– Вот что ты…
– Ну да! – горячо и нетерпеливо поддакнул он. – Если всякому дать свободу делать, чего вздумалось, многие так накуролесят, что небо с овчинку покажется. А если одним давать свободу, а другим не давать – то кто решит, кому дать, а кому нет? Какие желания правильные, наши, а какие – из-за пережитков старого строя? Партком? Или вообще – органы? Тогда какая, к фигам, свобода?
– Вообще-то считается, что при коммунизме будет чрезвычайно сильная педагогика, – осторожно сказал я. – С детства все будут очень хорошо понимать и помнить, что такое хорошо и что такое плохо.
– То есть сызмальства что-то вроде программки будут в мозги вбивать? – запальчиво спросил сын, и мне показалось, что это он говорит уже не совсем от души, но со слов, скорее всего, слишком уж образованной Надежды.
Ещё со времён дискуссий у Плеханова я знал и ненавидел этот приём, инстинктивно обожаемый умниками-пустословами и мигом лишающий любой спор малейшей возможности породить истину: назвать что-то по сути полезное словом формально подходящим, а на деле унижающим, извращающим суть; словом, за которым тянется крокодилий хвост гадостных ассоциаций, и тем подменить реальную тему обсуждения необходимостью поспешно и бестолково доказывать, например, что лекарство – отнюдь не всегда яд.

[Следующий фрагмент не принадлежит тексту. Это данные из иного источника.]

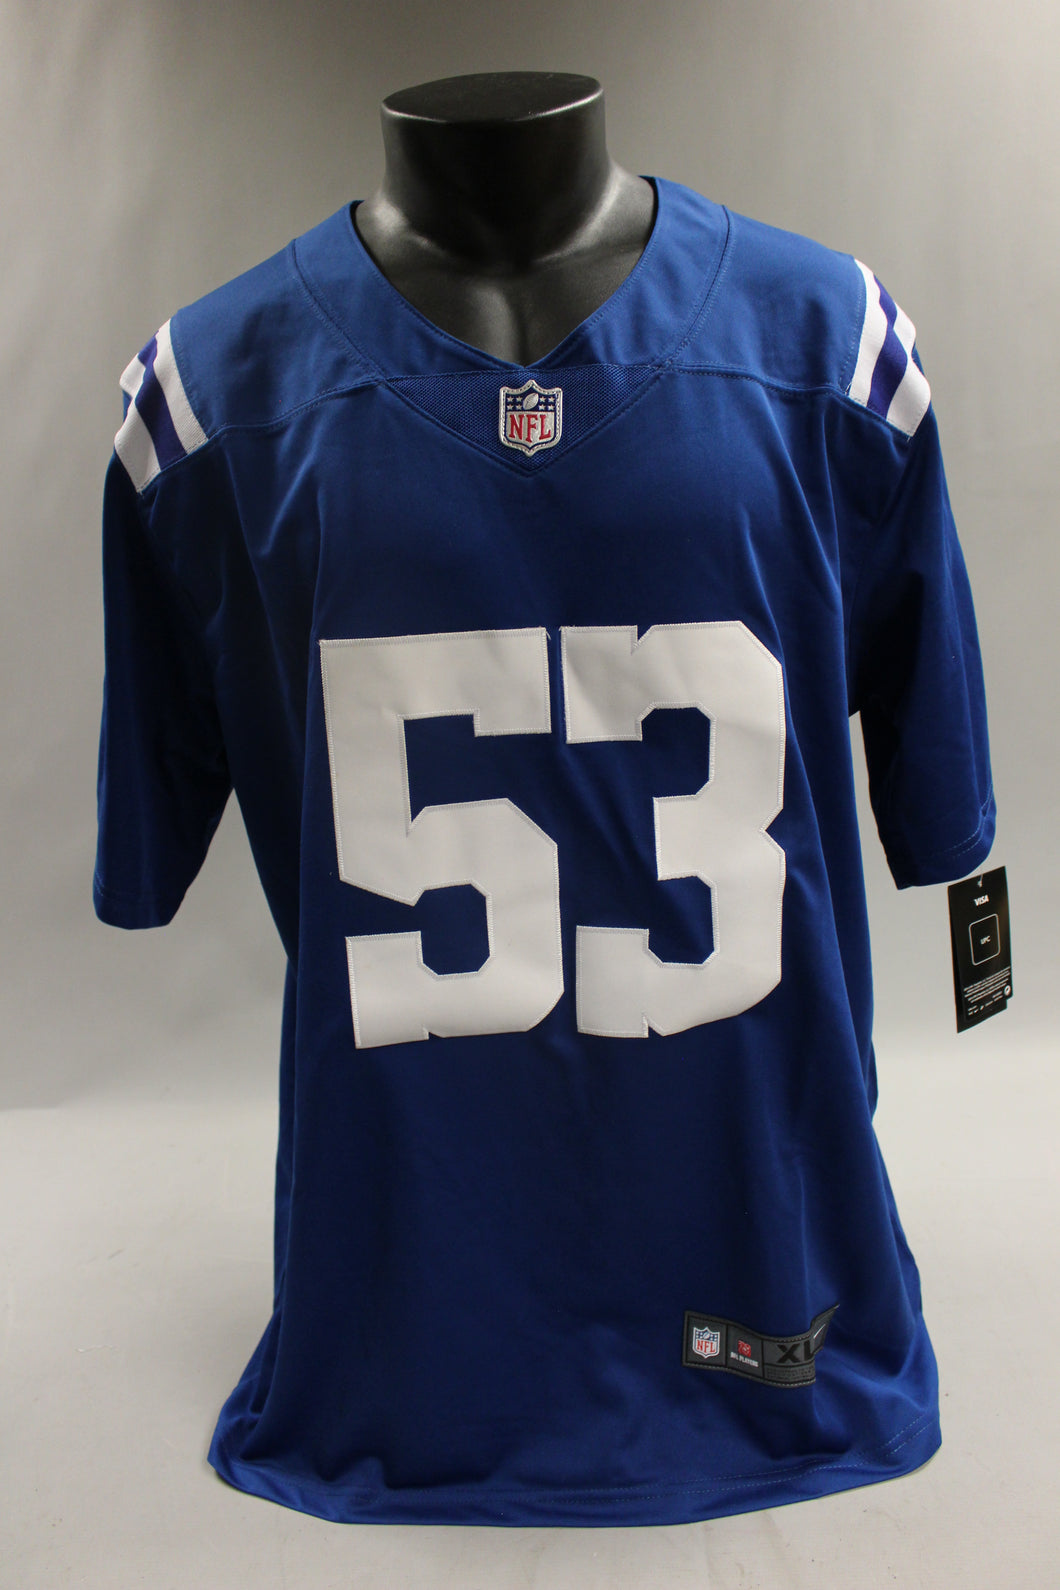 NFL Darius Leonard #53 Football Jersey - Colts - XL- New

– А ты бы чего хотел? – Я с нарочитой суровостью сдвинул брови. – Вот сам подумай, сын. Почему люди так не любят несвободу? Не потому, что свободный всегда ест сытнее или у него всегда женщин больше. Частенько бывает наоборот. Несвобода – это когда тебе приходится под каким-то внешним давлением поступать против совести. Вот тебе стыдно что-то делать, тошно, тоска берёт, знаешь, что на всю жизнь потом останется в душе червоточина, – а тебе говорят: делай, иначе твою мать повесим. Твоего ребёнка удушим газом. Или просто тебе самому жрать станет нечего. И ты делаешь. Ненавидишь себя, проклинаешь всех вокруг, целый мир тебе становится омерзителен – но делаешь. Вот что такое несвобода. А свобода – это возможность поступать по совести. Чувствуешь, что поступаешь правильно, честно, благородно, как подобает, и тебе ничего за это не грозит, никто тебя не осудит, никто не помешает, никто не схватит за локти. Поэтому делаешь – и радость: хорошо поступил, да к тому же ещё и не пострадал. Вот свобода. Но совесть же не программка с бумажки, которую начальник торопливо на коленке нацарапал. Это результат культурного программирования. Тысячу лет народы на ощупь тыркались, выясняя, что можно, а что нельзя. Что к общей пользе, а что к общему вреду. Каждый немножко по-своему, потому что история у всех немножко разная. И результаты их мучений закрепились в культурах как голос совести. А вот если распадается культура и прекращается программирование – свобода превращается в кровавый бардак: кто сильней, тот и свободней. Если совести нет, поступать по совести в принципе нельзя, и тогда о свободе говорить бессмысленно. А если совесть есть, то разом появляется и свобода, и её пределы.
Сын помолчал, напряжённо хмурясь. Ветер на улице задул свирепее, и косой мелкий дождь, в котором становилось всё меньше снега, принялся в такт порывам то сильней, то слабей жужжать на слепнущем от воды стекле.
– Но человек же всё равно не машинка железная. И программа эта… она всё равно куда сложней. Не могут же все в равной степени…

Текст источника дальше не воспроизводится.